Sifat Ganda Interkonektivitas
Sebelum makalah ini, dua pandangan yang saling bertentangan mendominasi perdebatan tentang interkonektivitas keuangan. Satu mazhab, mengikuti Allen and Gale (2000), berargumen bahwa jaringan klaim antarbank yang lebih lengkap meningkatkan stabilitas dengan memungkinkan kerugian dibagi ke banyak pihak lawan transaksi. Jika Bank A gagal dan berutang kepada sepuluh bank lain, masing-masing hanya menyerap sepersepuluh dari kerugian. Mazhab lain mengamati bahwa koneksi menciptakan saluran penularan, memungkinkan tekanan keuangan berpindah dari institusi yang gagal ke kreditornya, kreditor dari kreditor, dan seterusnya secara berantai.
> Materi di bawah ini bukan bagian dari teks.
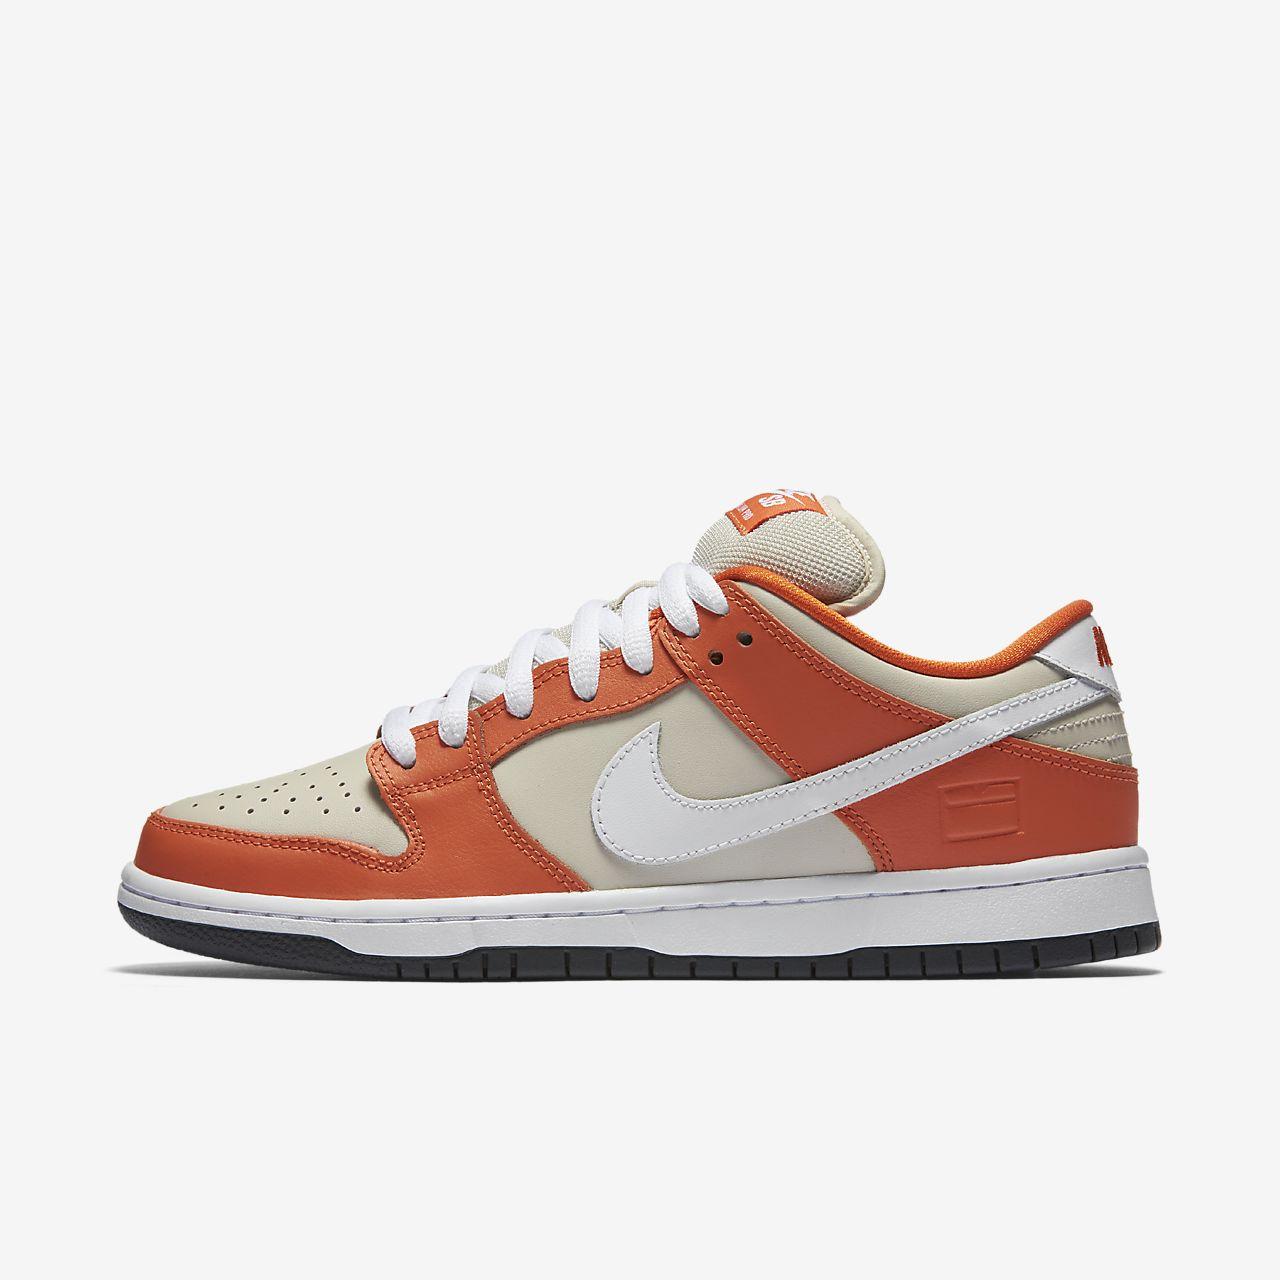 Nike Dunk Low Premium SB 男子滑板鞋

Acemoglu, Ozdaglar, dan Tahbaz-Salehi mendamaikan kedua pandangan ini dengan menunjukkan bahwa keduanya benar, tetapi dalam rezim yang berbeda. Topologi jaringan tidak memiliki efek tetap terhadap stabilitas. Perannya berbalik bergantung pada besarnya guncangan yang menghantam sistem.
Guncangan Kecil: Konektivitas sebagai Asuransi
Dalam model ini, institusi keuangan memiliki klaim dan kewajiban bilateral. Ketika satu bank mengalami guncangan negatif, bank tersebut dapat membebankan kerugian parsial kepada kreditornya. Untuk guncangan di bawah ambang batas kritis, jaringan yang terhubung secara padat berfungsi sebagai asuransi mutual. Kerugian didistribusikan ke banyak pihak lawan transaksi, masing-masing menyerap fraksi yang kecil. Tidak ada satu pun bank kreditor yang menderita kerugian cukup besar untuk memicu gagal bayarnya sendiri, dan kaskade berhenti setelah putaran pertama.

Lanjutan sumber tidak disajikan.